Robert H. Frank received his B.S. in mathematics from Georgia Tech in 1966, then taught math and science for two years as a Peace Corps Volunteer in rural Nepal. He received his M.A. in statistics from the University of California at Berkeley in 1971, and his Ph.D. in economics in 1972, also from U.C. Berkeley. He is the Goldwin Smith Professor of Economics at Cornell University, where he has taught since 1972 and where he currently holds a joint appointment in the department of economics and the Johnson Graduate School of Management. During leaves of absence from Cornell, he served as chief economist for the Civil Aeronautics Board from 1978 to 1980 and was a Fellow at the Center for Advanced Study in the Behavioral Sciences in 1992-93. He has published on a variety of subjects, including price and wage discrimination, public utility pricing, the measurement of unemployment spell lengths, and the distributional consequences of direct foreign investment. For the past several years, his research has focused on rivalry and cooperation in economic and social behavior. His books on these themes include Choosing the Right Pond: Human Behavior and the Quest for Status (Oxford University Press, 1985) and Passions Within Reason: The Strategic Role of the Emotions (W.W. Norton, 1988). He and Philip Cook are co-authors of The Winner-Take-All Society (The Free Press, 1995) , which received a Critic’s Choice Award and appeared on both the New York Times Notable Books list and Business Week Ten Best list for 1995. His most recent general interest publication is Luxury Fever (The Free Press, 1999). Professor Frank’s books have been translated into eight languages. He has been awarded an Andrew W. Mellon Professorship (1987 – 1990), a Kenan Enterprise Award (1993), and a Merrill Scholars Program Outstanding Educator Citation (1991).
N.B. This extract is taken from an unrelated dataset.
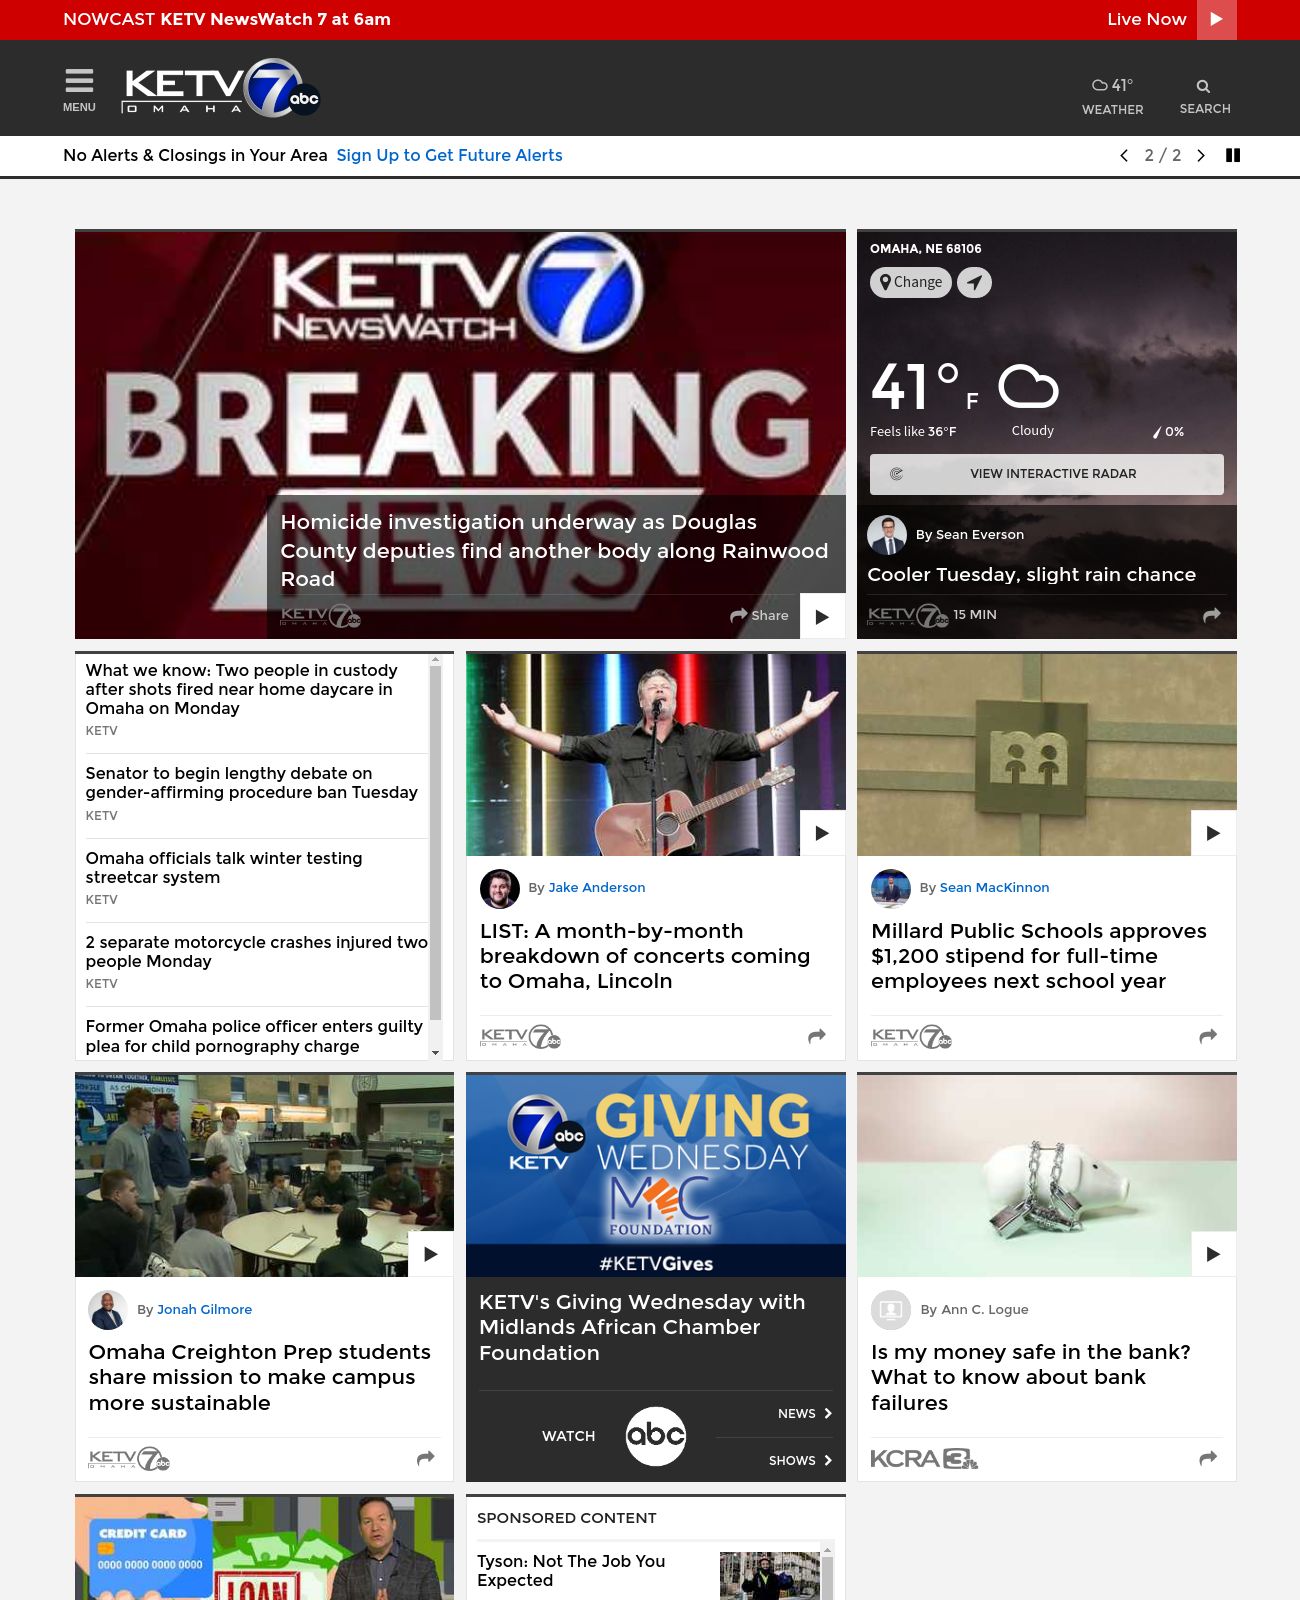 KETV NewsWatch 7 at 2023-03-21 06:20:33-05:00 local time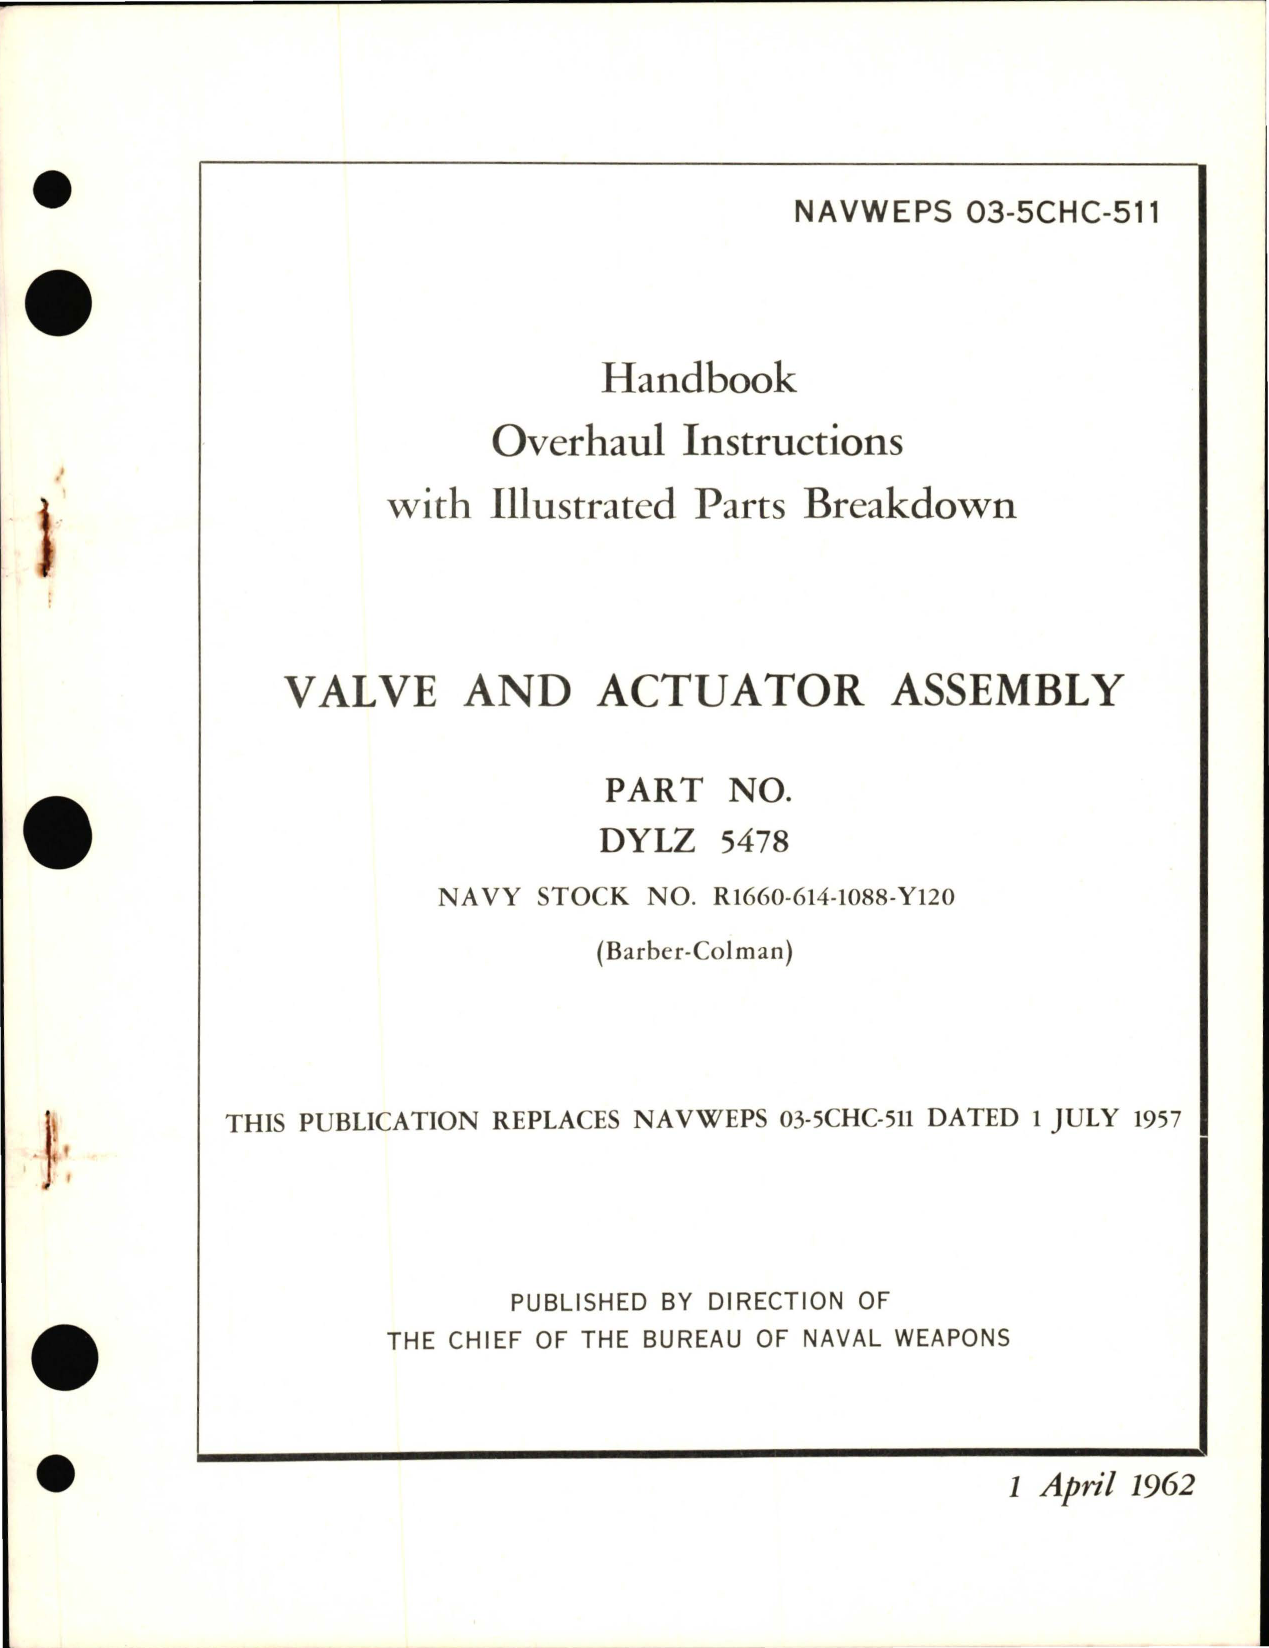 Sample page 1 from AirCorps Library document: Overhaul Instructions with Illustrated Parts Breakdown for Valve and Actuator Assembly - Part DYLZ 5478

Professor Bernanke received his B.A. in Economics from Harvard University in 1975 and his Ph.D. in economics from MIT in 1979. He taught at the Stanford Graduate School of Business from 1979 to 1985 and moved to Princeton University in 1985, where he was named the Howard Harrison and Gabrielle Snyder Beck Professor of Economics and Public Affairs, where he served as Chairman of the Economics Department. He is a fellow of the American Academy of Arts and Sciences and the Econometrics Society. He was named a member of the Board of Governors of the Federal Reserve in 2002 and became the chairman of the President's council of Economic Advisers in 2005. In 2006 Ben Bernanke was selected to be the Chairman of the Federal Reserve Board.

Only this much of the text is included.